On the Limits of Interpretable Machine Learning in Quintic Root Classification
Rohan Thomas, Majid Bani-Yaghoub

TL;DR
This study evaluates various machine learning models on classifying polynomial root configurations, finding neural networks perform well but do not recover explicit symbolic rules, highlighting the need for structural biases for interpretability.
Contribution
The paper systematically compares ML models on polynomial root classification, revealing that current models learn geometric approximations rather than symbolic invariants, emphasizing the importance of explicit structural biases.
Findings
Neural networks achieve 84.3% accuracy on in-distribution data.
Decision trees match neural performance with explicit features.
Models do not recover human-interpretable symbolic rules.
Abstract
Can Machine Learning (ML) autonomously recover interpretable mathematical structure from raw numerical data?
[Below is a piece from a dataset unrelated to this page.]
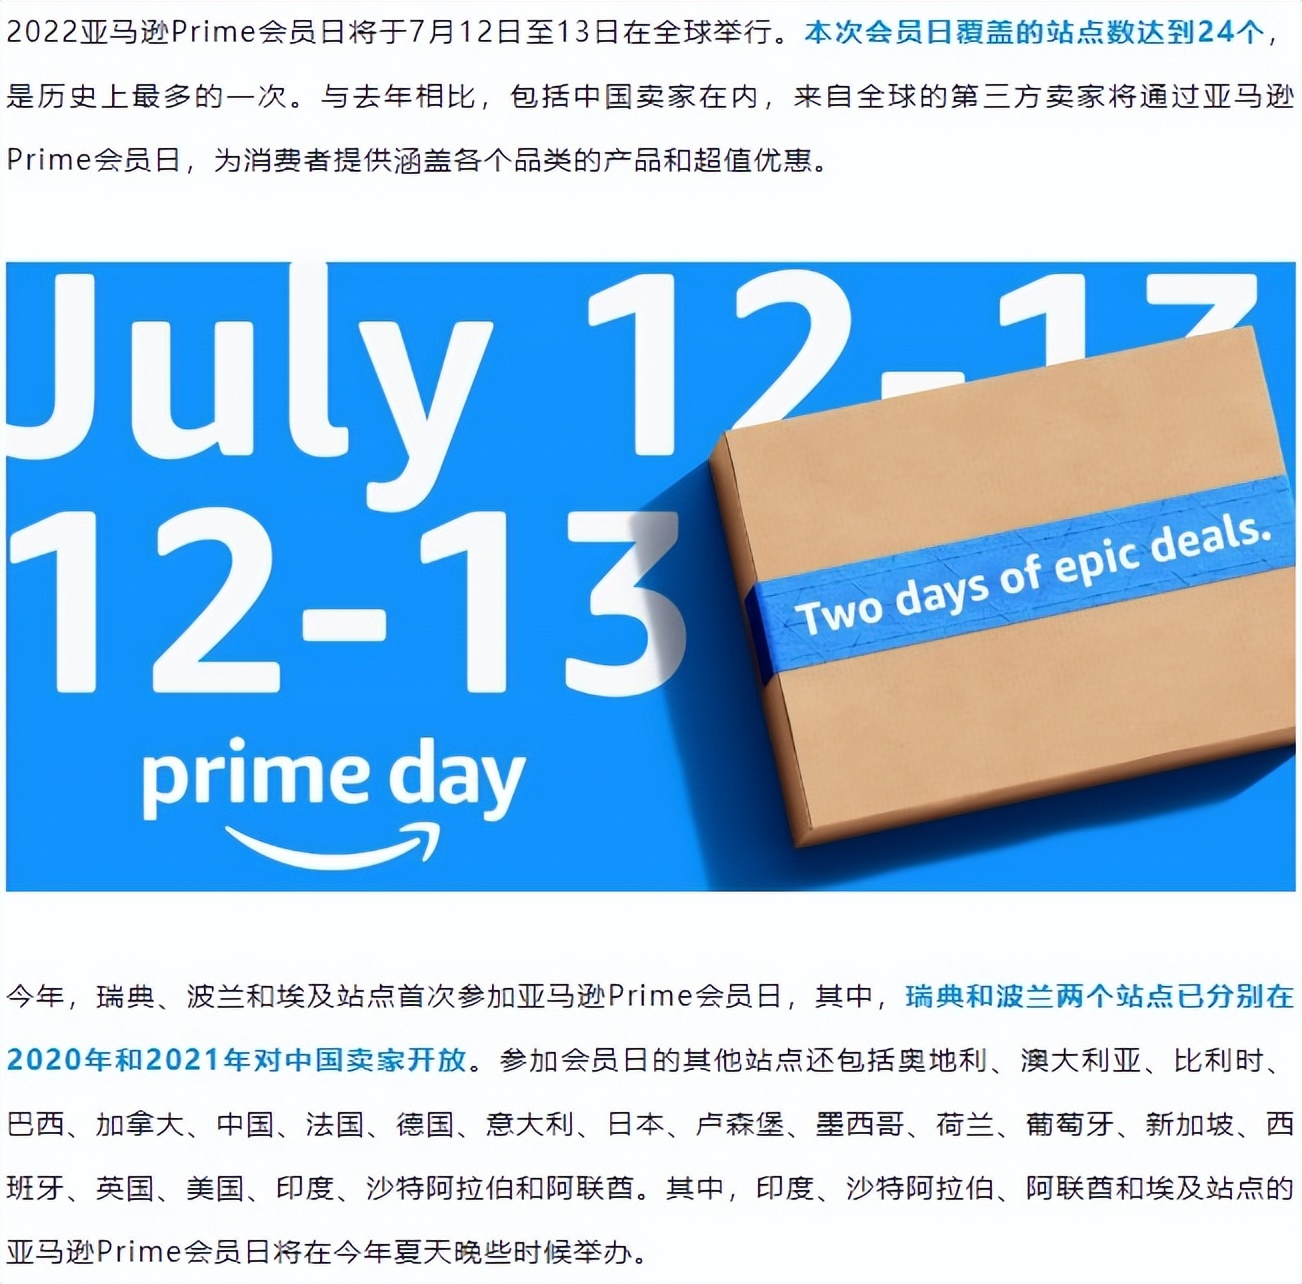 亚马逊Prime Day开始时间在7月12-13日

We aim to answer this question using the classification of real-root configurations of polynomials up to degree five as a structured benchmark. We tested an extensive set of ML models, including decision trees, logistic regression, support vector machines, random forest, gradient boosting, XGBoost, symbolic regression, and neural networks. Neural networks achieved strong in-distribution performance on quintic classification using raw coefficients alone (84.3% + or - 0.9% balanced accuracy), whereas decision trees perform substantially worse (59.9% + or - 0.9\%). However, when provided with an explicit feature capturing sign changes at critical points, decision trees match neural performance (84.2% + or - 1.2%) and yield explicit classification rules. Knowledge distillation…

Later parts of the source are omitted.